Identifying N+1 queries
N+1 patterns show up as a query with a very high calls count relative to the expected request volume, a low or moderate mean_time, but a very large total_time. Look for queries of the form SELECT ... WHERE id = $1 that are executed thousands of times per minute. The fix is usually to add a batch-loading step (e.g. WHERE id = ANY($1)) or an ORM eager-load option.
Identifying missing indexes
Sort by mean_time and look for queries with high mean execution time but low row counts. A sequential scan on a large table with a low selectivity predicate will appear here. Confirm with EXPLAIN ANALYZE and add an appropriate index. On PostgreSQL you can also query pg_stat_user_tables for tables with high seq_scan counts alongside your query stats to correlate the two.
Exporting Metrics and Logs
Metrics and logs collected by FoundryDB can be pushed continuously to external observability platforms. This lets you consolidate database telemetry alongside your application infrastructure in the tools your team already uses.
Supported destinations are: Datadog, Prometheus Remote Write (Grafana Cloud, Thanos, Cortex, VictoriaMetrics), Generic OTLP (Grafana Cloud, Honeycomb, any OpenTelemetry collector), AWS CloudWatch, Elasticsearch / OpenSearch, BetterStack, and Grafana Loki. Each integration can export metrics, logs, or both, and runs on a configurable interval (default 60 seconds).
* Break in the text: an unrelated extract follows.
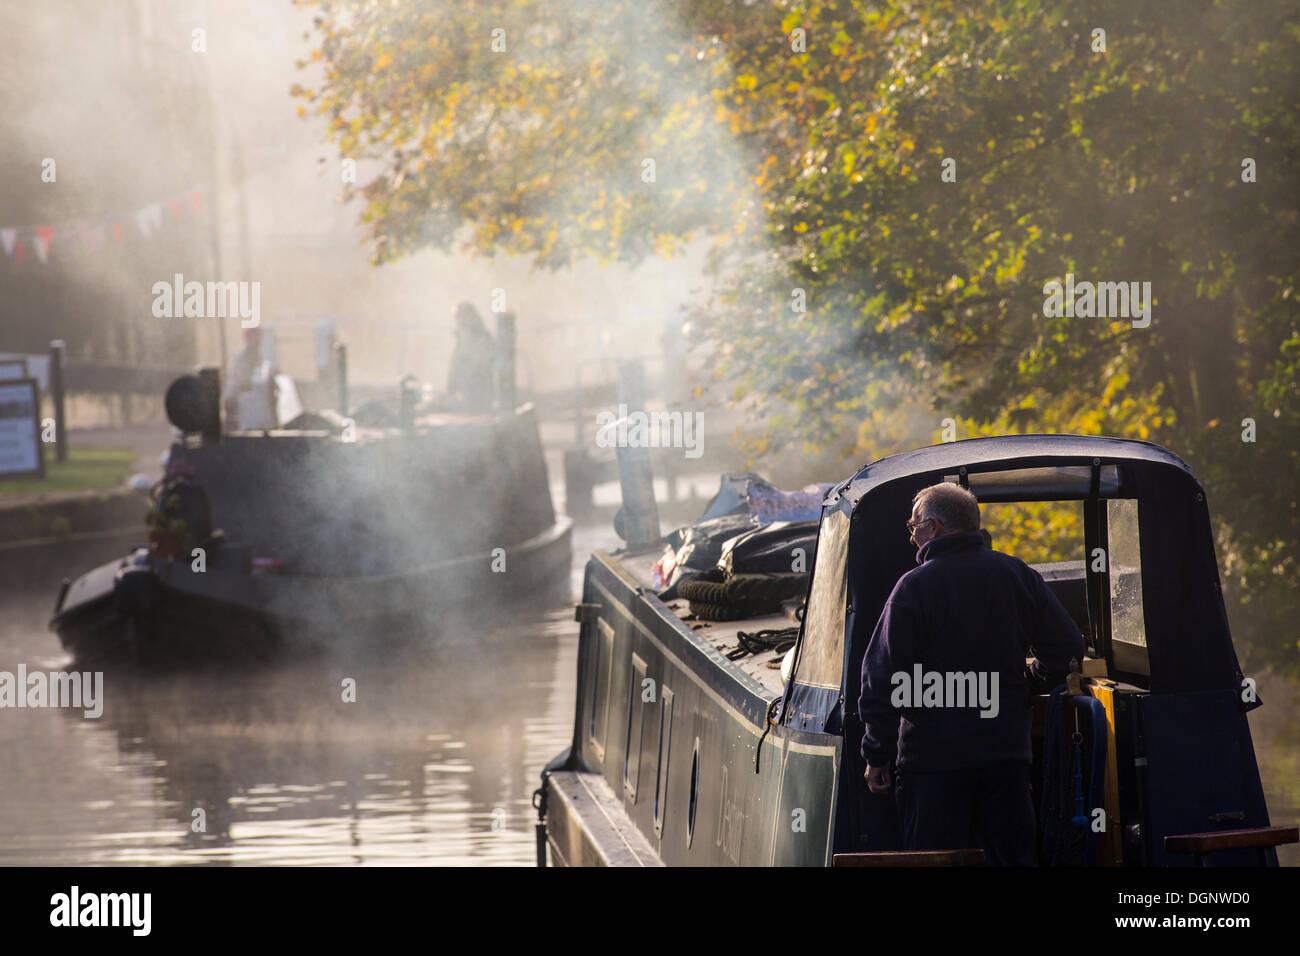 Berkhamsted, Hertfordshire, UK. 24th Oct, 2013. Smoke from canal boats mixes with mist on a crisp Autumn morning, at a lock outside the Rising Sun pub on the Grand Union Canal in Berkhamsted, Hertfordshire, UK. Photo Credit: David Levenson/Alamy Live News Stock Photo

To set up an export, go to the Integrations page in the dashboard or use the API. You can create one integration per destination per service, or a single global integration that covers all services. The example below creates a Datadog export via the API:
curl -u admin:password -X POST \
https://api.foundrydb.com/api/v1/metrics-exports \
-H "Content-Type: application/json" \
-d '{
"service_id": "{service-id}",
"name": "Datadog Production",
"destination_type": "datadog",
"data_type": "both",
"export_interval_seconds": 60,
"configuration": {
"api_key": "YOUR_DATADOG_API_KEY",
"site": "datadoghq.com"
}
}'
For Grafana Loki, Prometheus Remote Write, and OTLP destinations, see the full configuration reference on the Integrations page.